◆ Data supplied
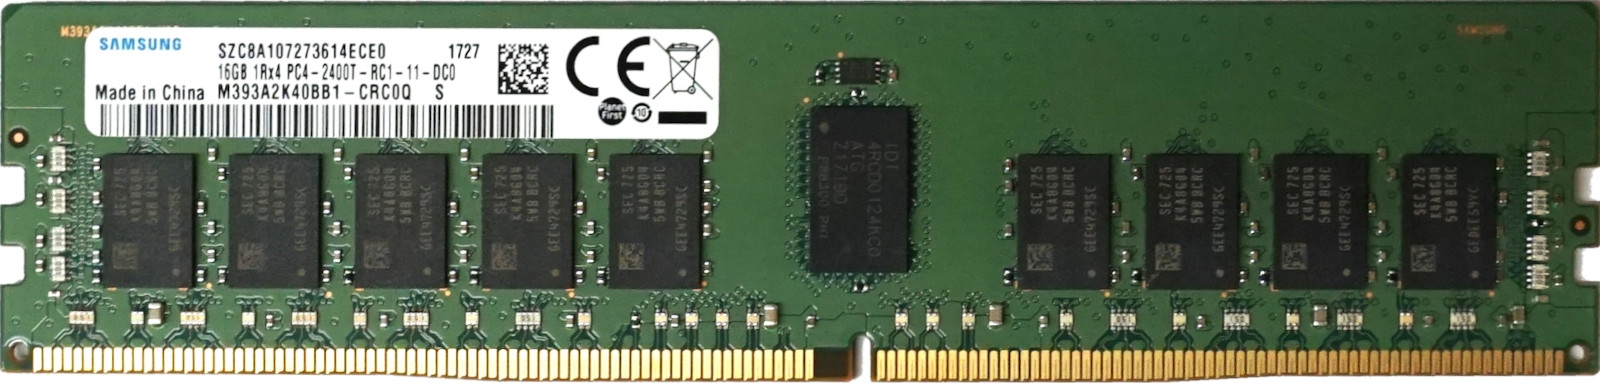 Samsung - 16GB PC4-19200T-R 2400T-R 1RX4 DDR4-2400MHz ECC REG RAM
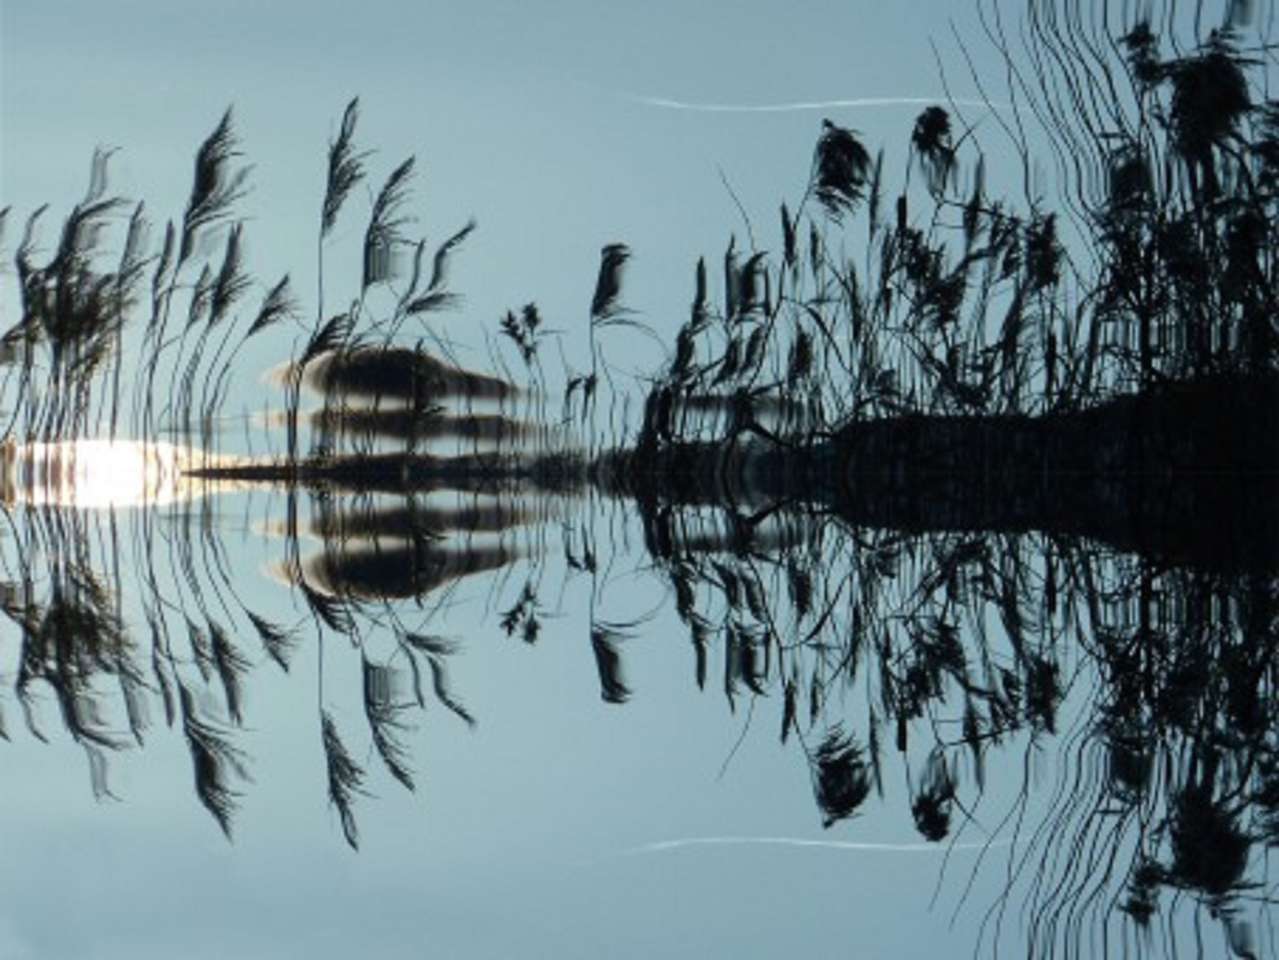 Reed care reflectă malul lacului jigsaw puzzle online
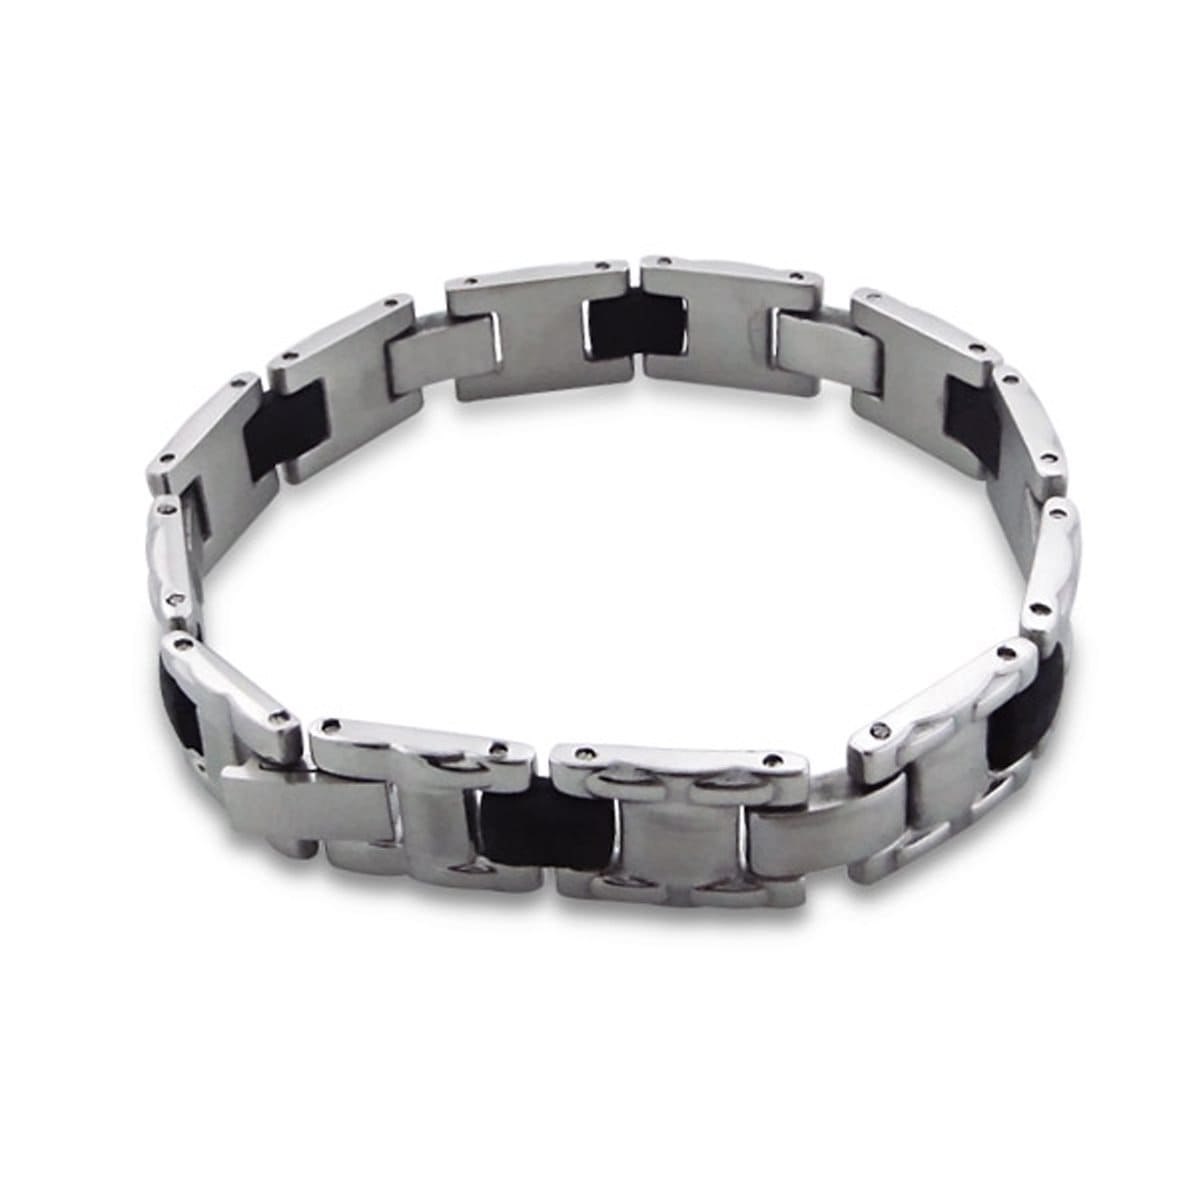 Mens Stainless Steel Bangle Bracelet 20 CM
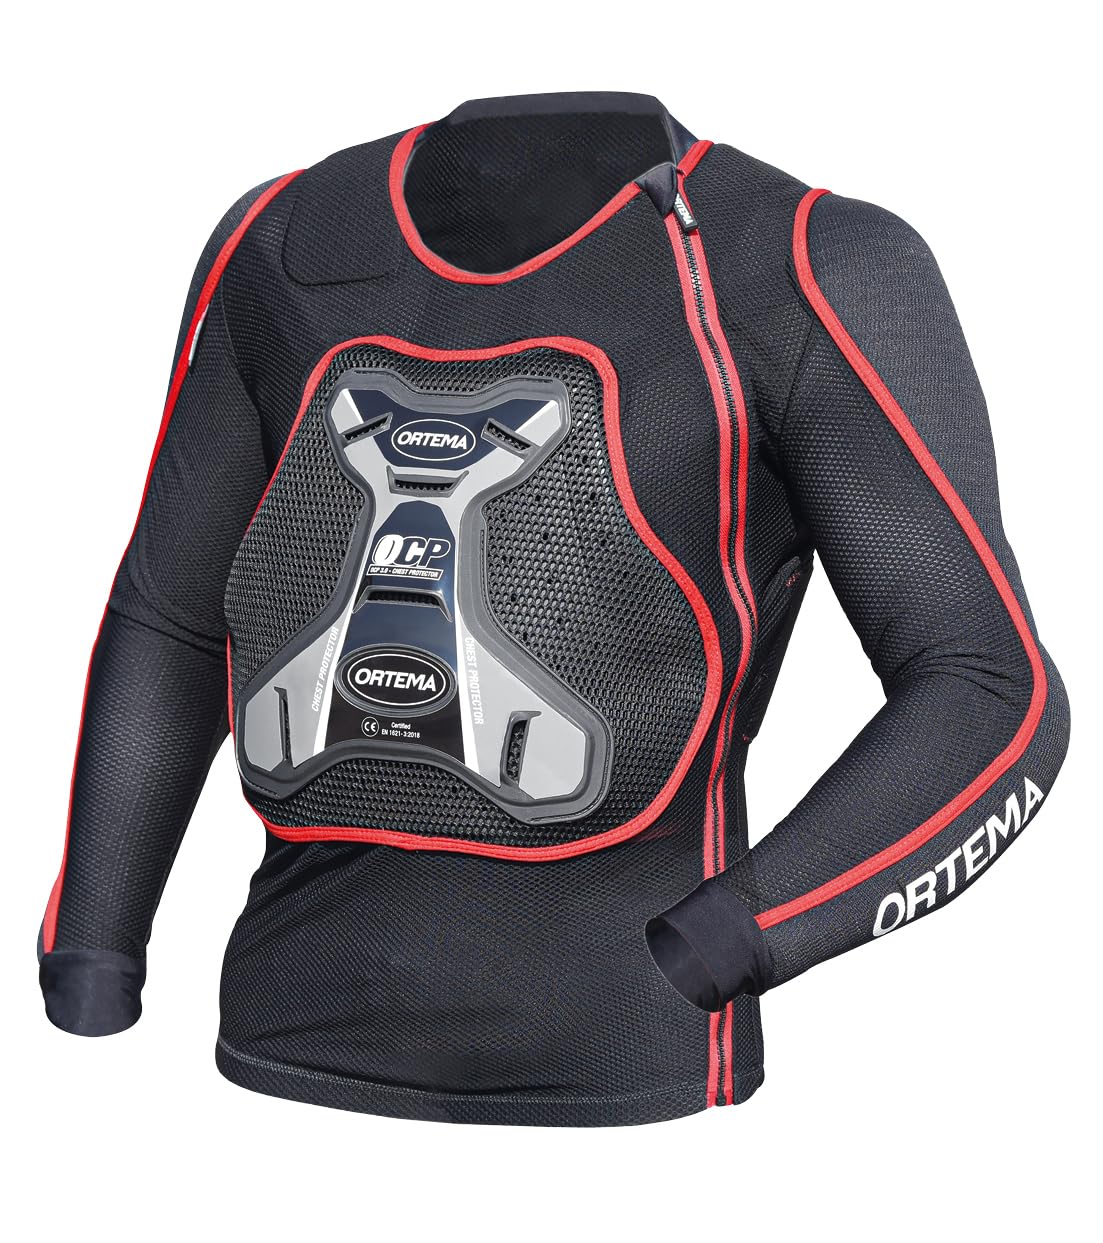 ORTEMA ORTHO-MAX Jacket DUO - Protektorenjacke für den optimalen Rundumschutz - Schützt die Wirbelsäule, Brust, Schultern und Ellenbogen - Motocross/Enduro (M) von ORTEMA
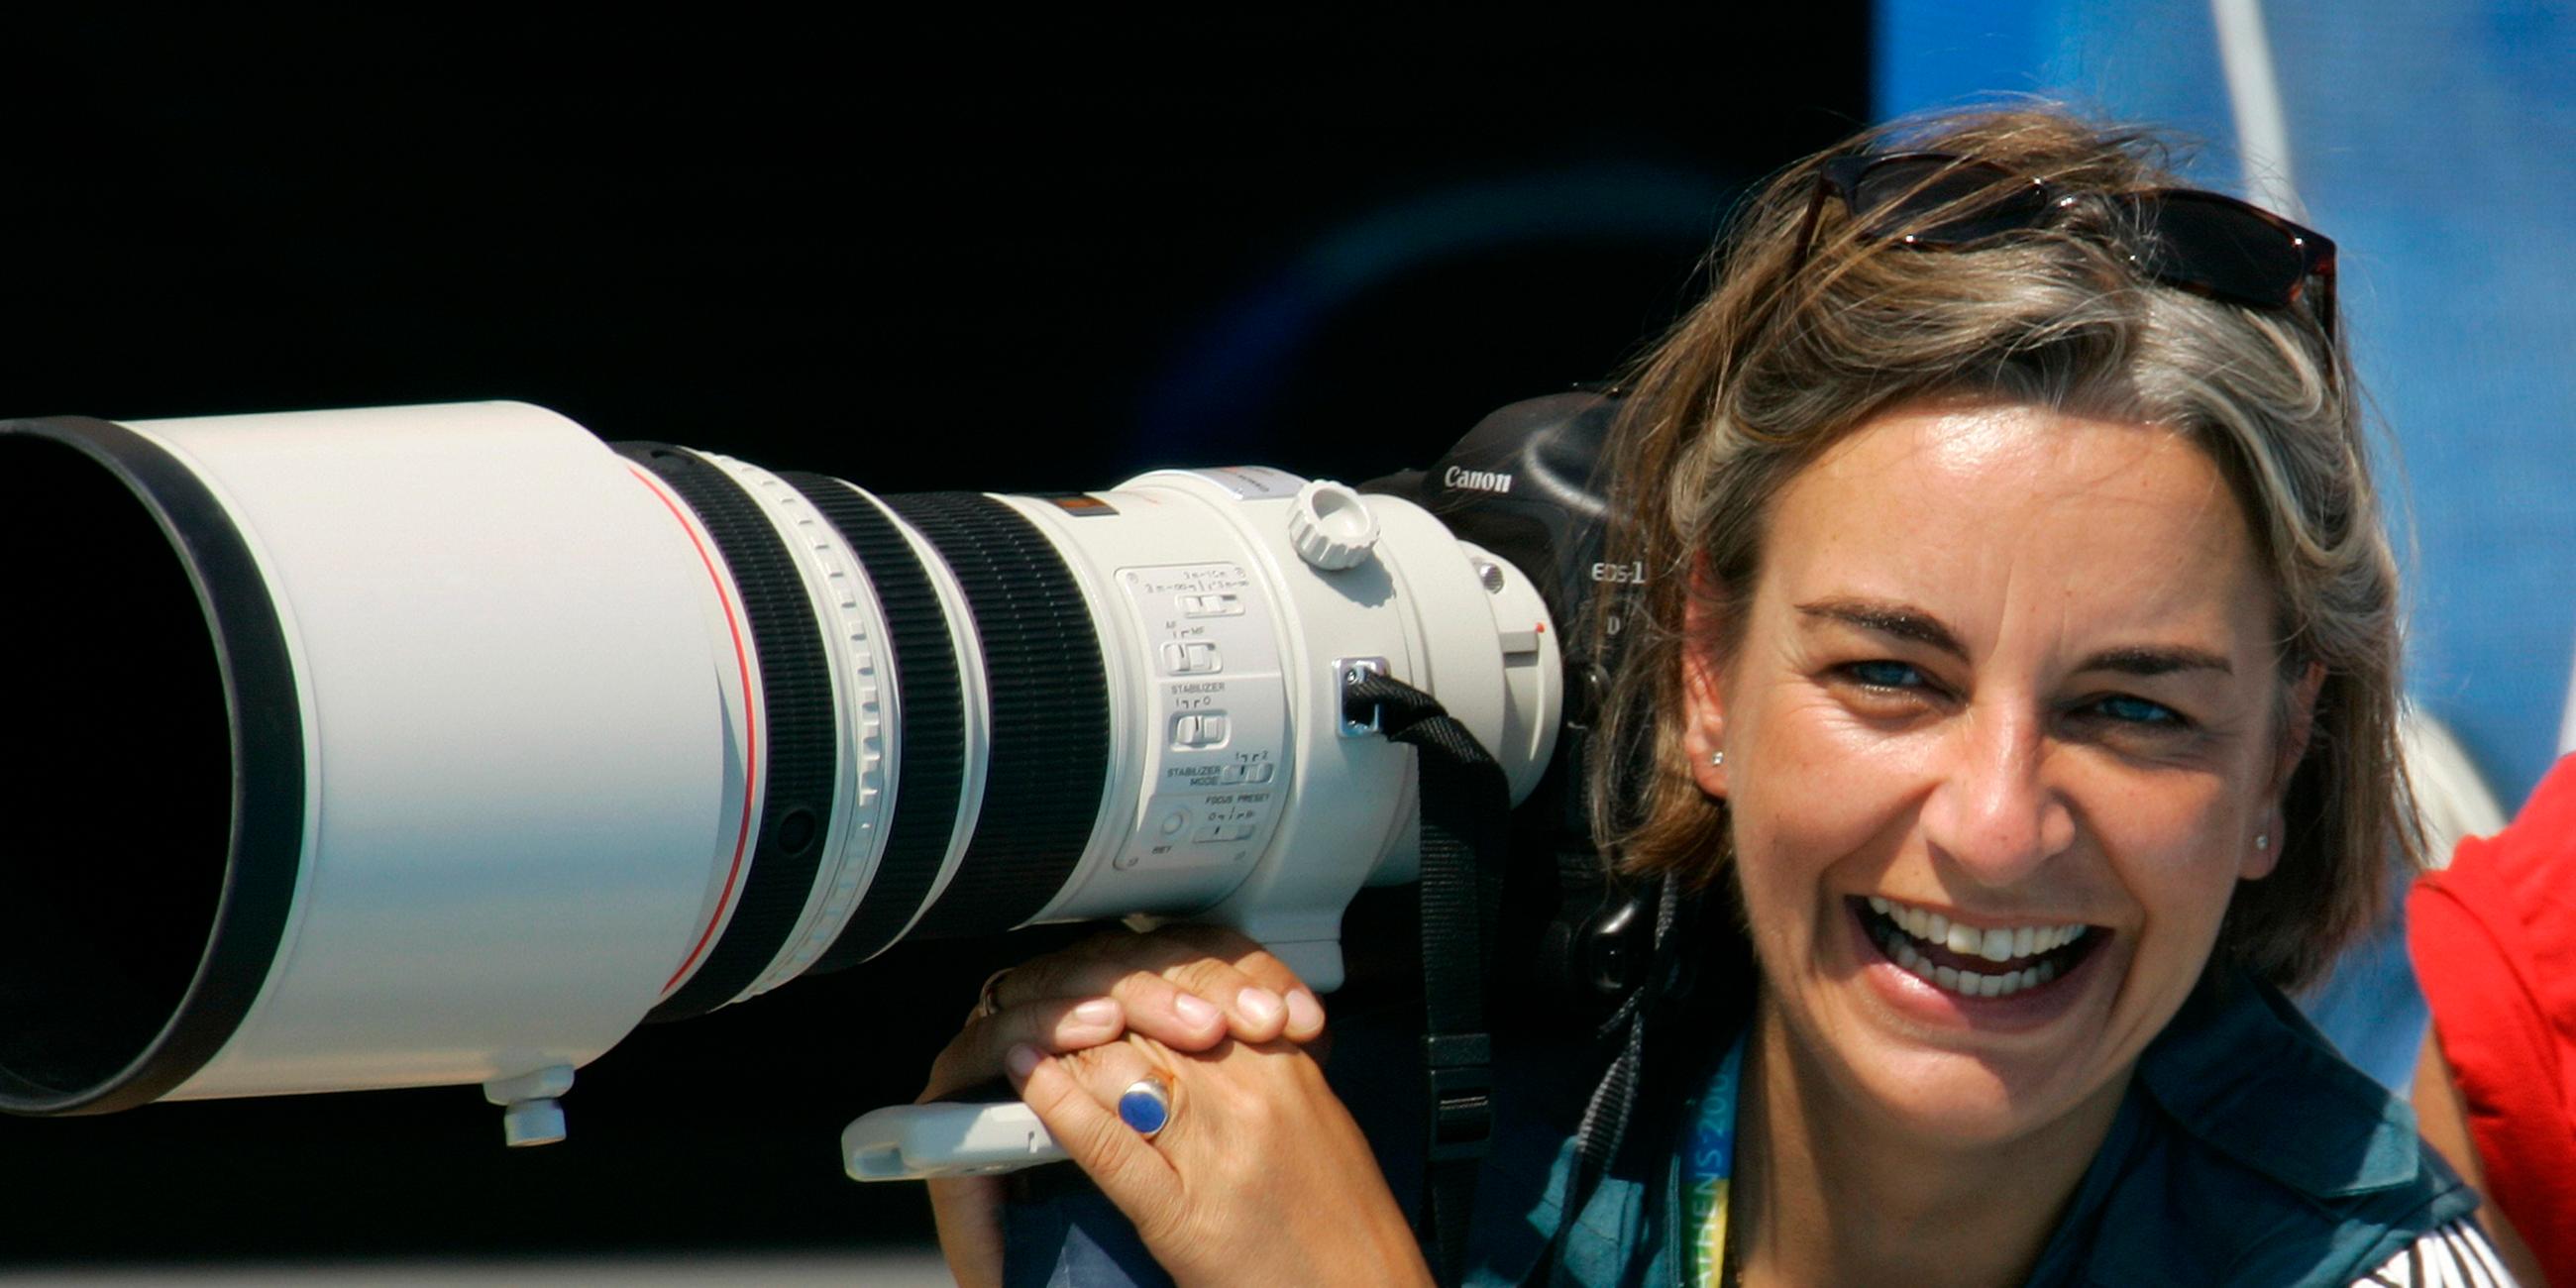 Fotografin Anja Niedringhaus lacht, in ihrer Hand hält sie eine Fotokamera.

◆ Problem statement
Repeat exactly the lines above, from the line that contains "Reed care reflectă" down through the line that contains "Mens Stainless Steel Bangle Bracelet 20 CM". Include both of those lines and none of the pictures.

◆ Result of the task
 Reed care reflectă malul lacului jigsaw puzzle online
 Mens Stainless Steel Bangle Bracelet 20 CM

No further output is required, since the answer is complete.